** Opening DATA SHOWN block **

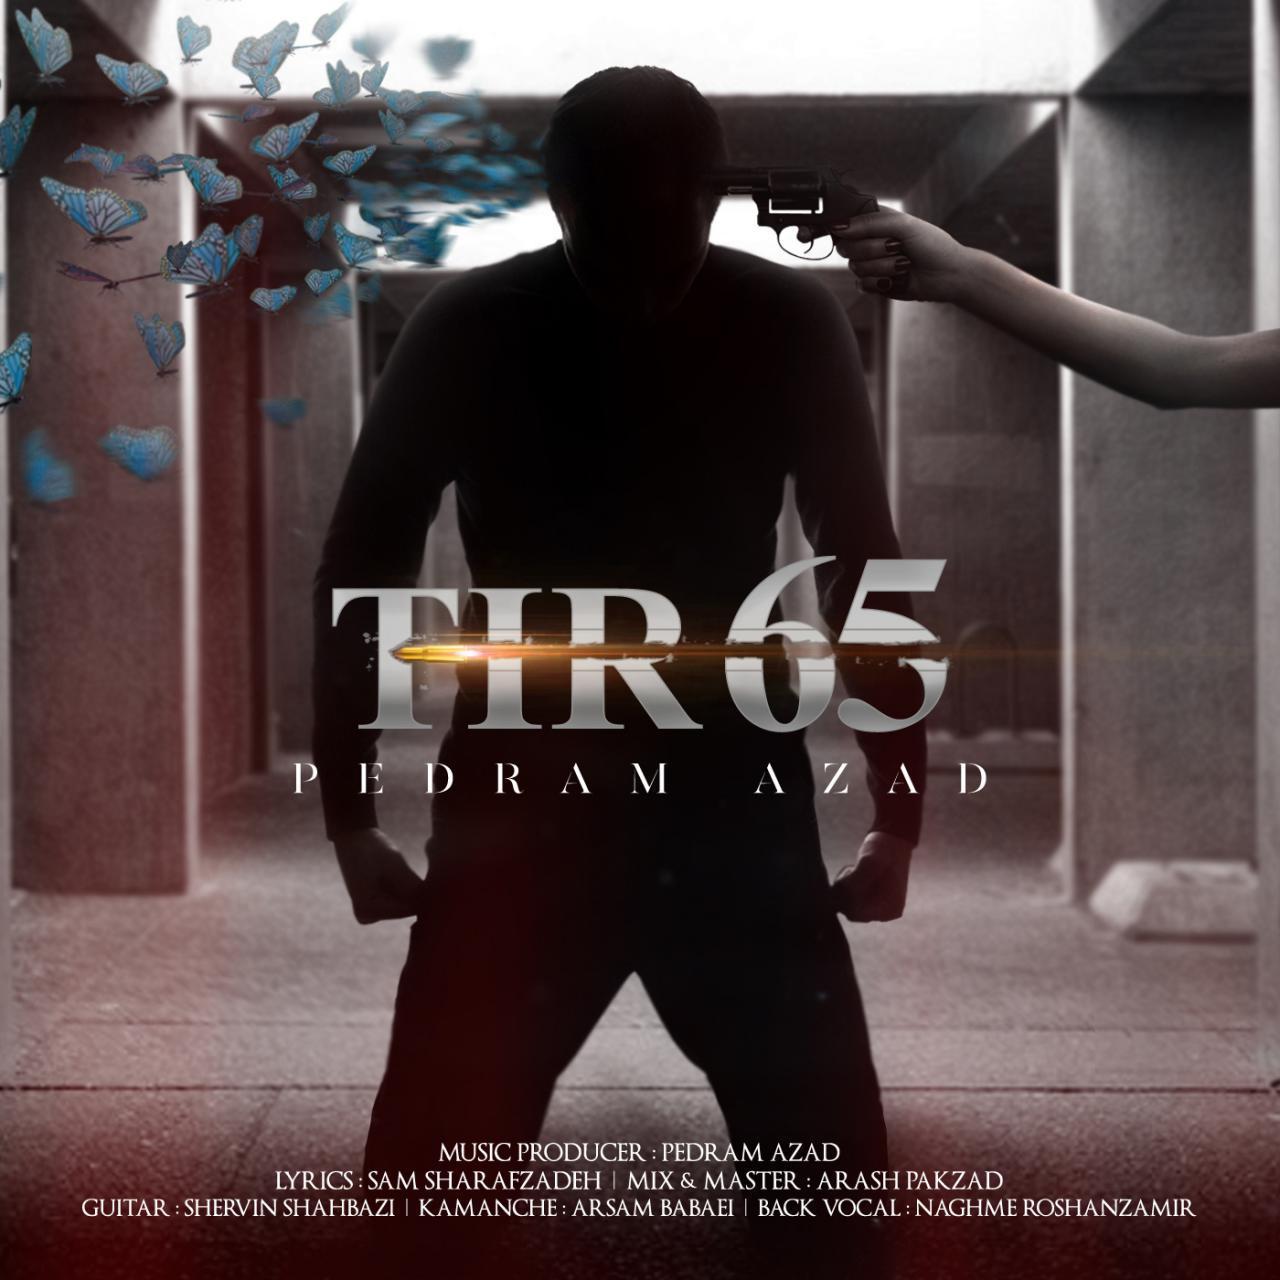 Pedram Azad – Tir 65
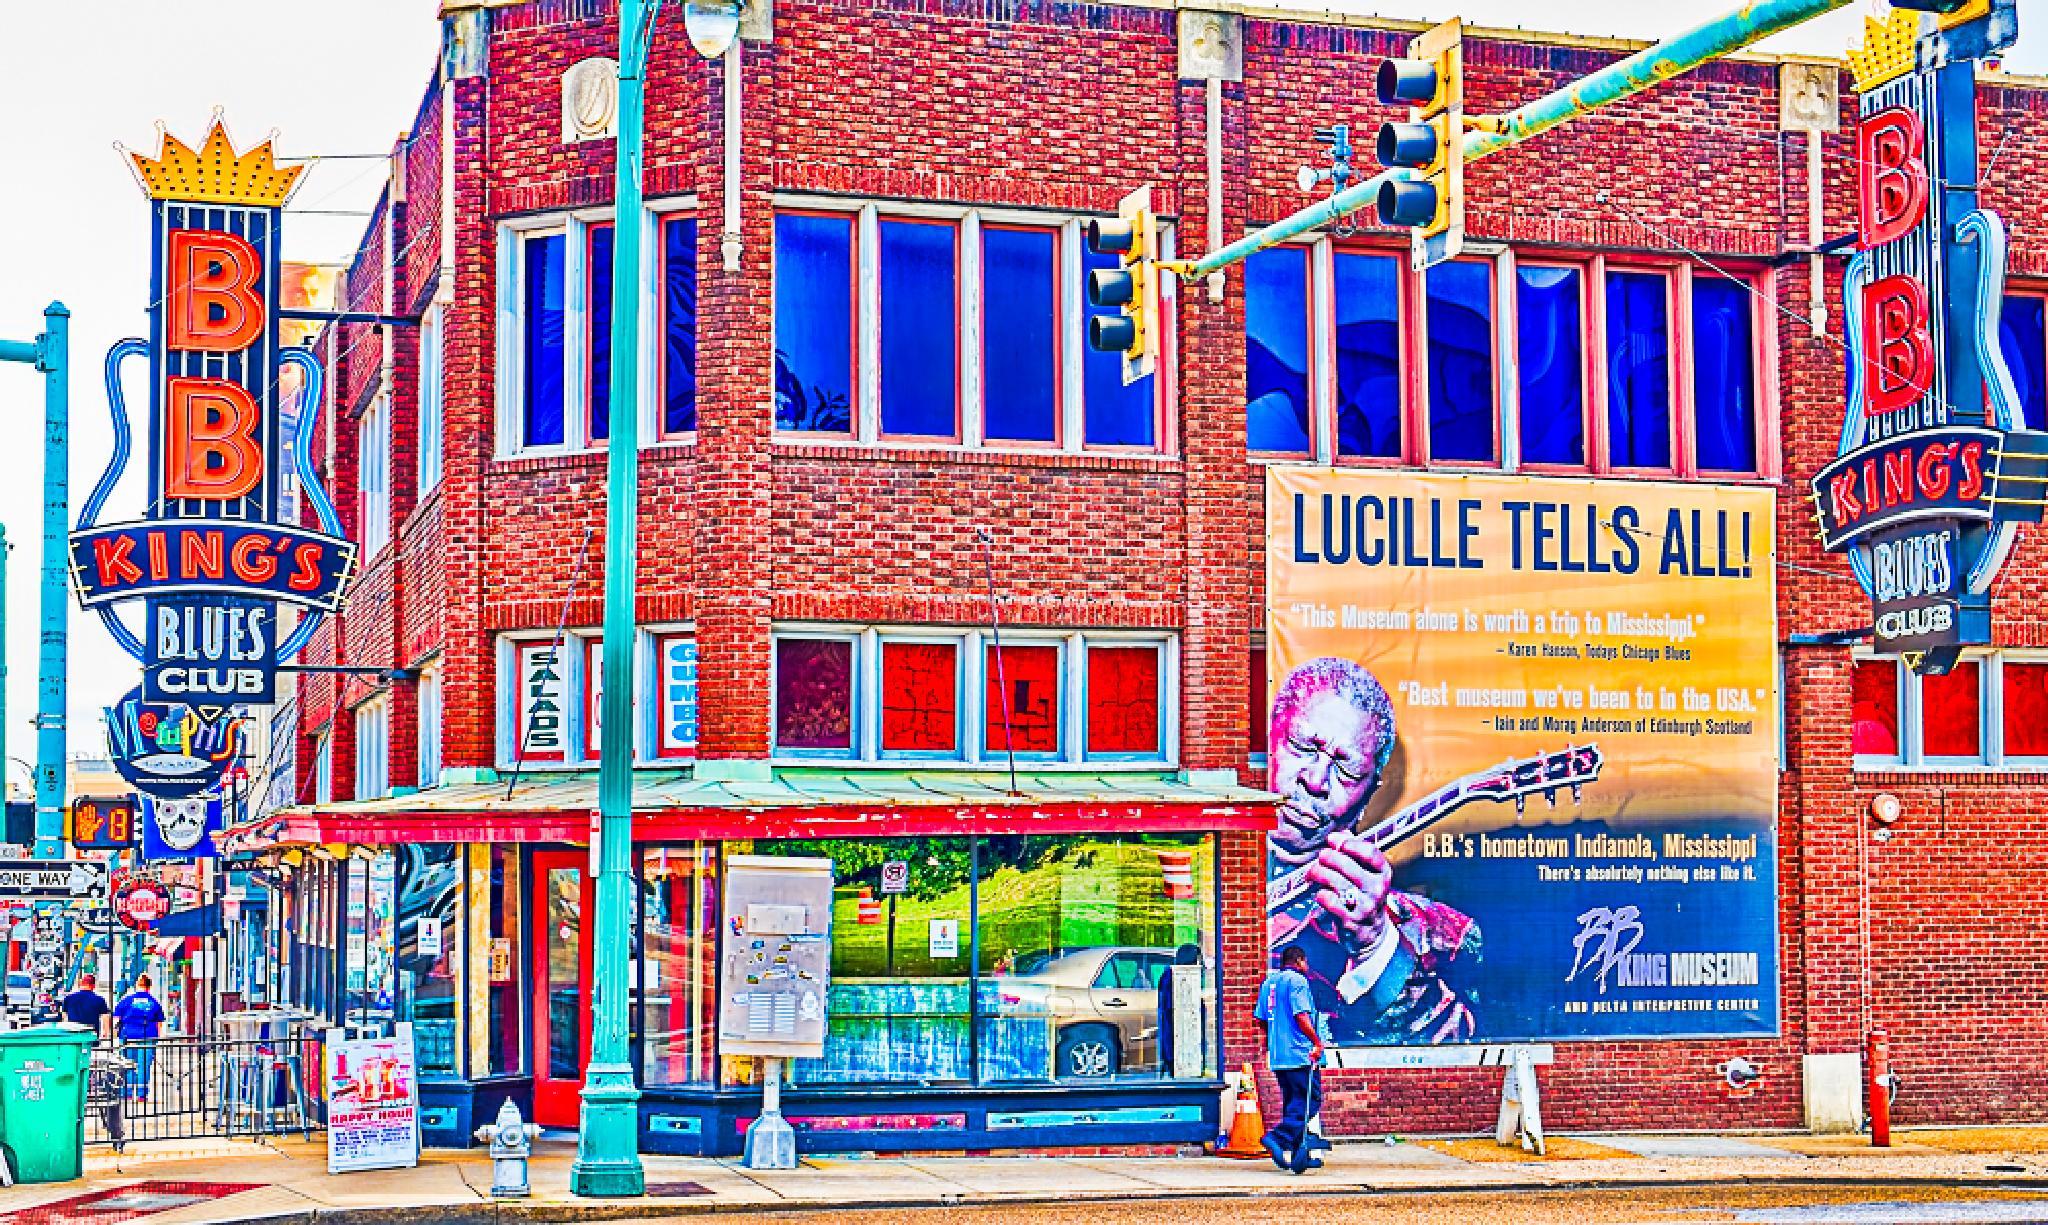 Beale Street, Scene 2 by Cliff C Morris Jr
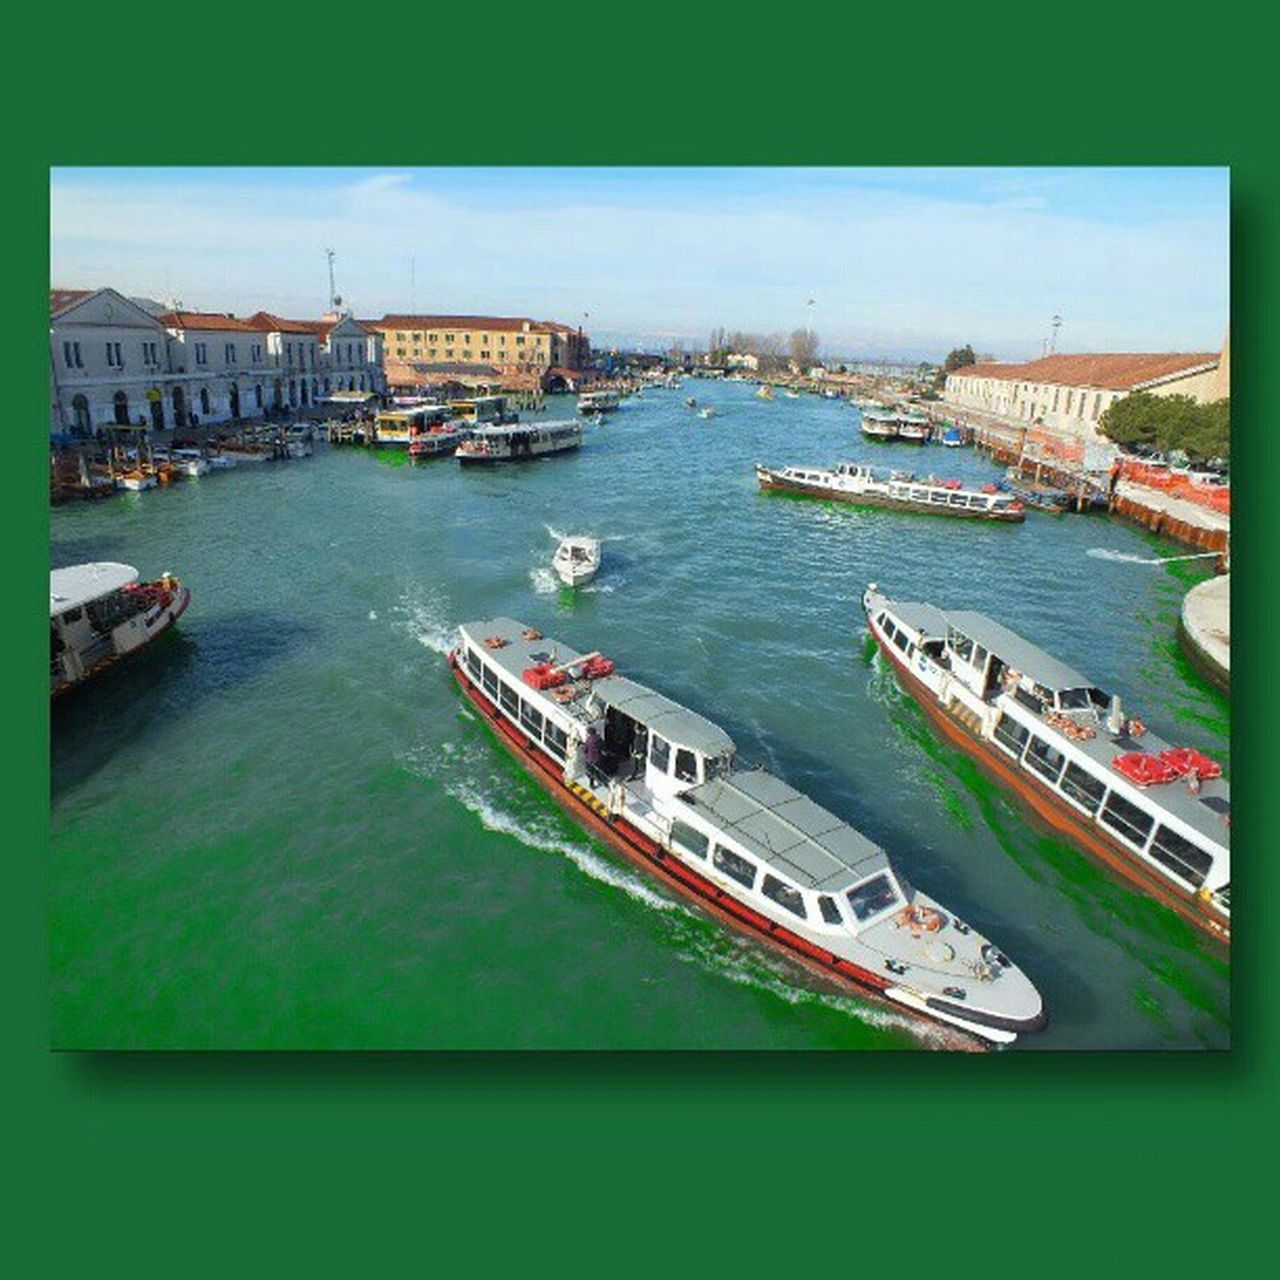 Venice Venezia Venedig Vaporetti boats

** Closing DATA SHOWN block **

• [PROBLEM STATEMENT]
Copy the data character for character, but drop all pictures from the copy.

• [FINISHED TASK]
 Pedram Azad – Tir 65
 Beale Street, Scene 2 by Cliff C Morris Jr
 Venice Venezia Venedig Vaporetti boats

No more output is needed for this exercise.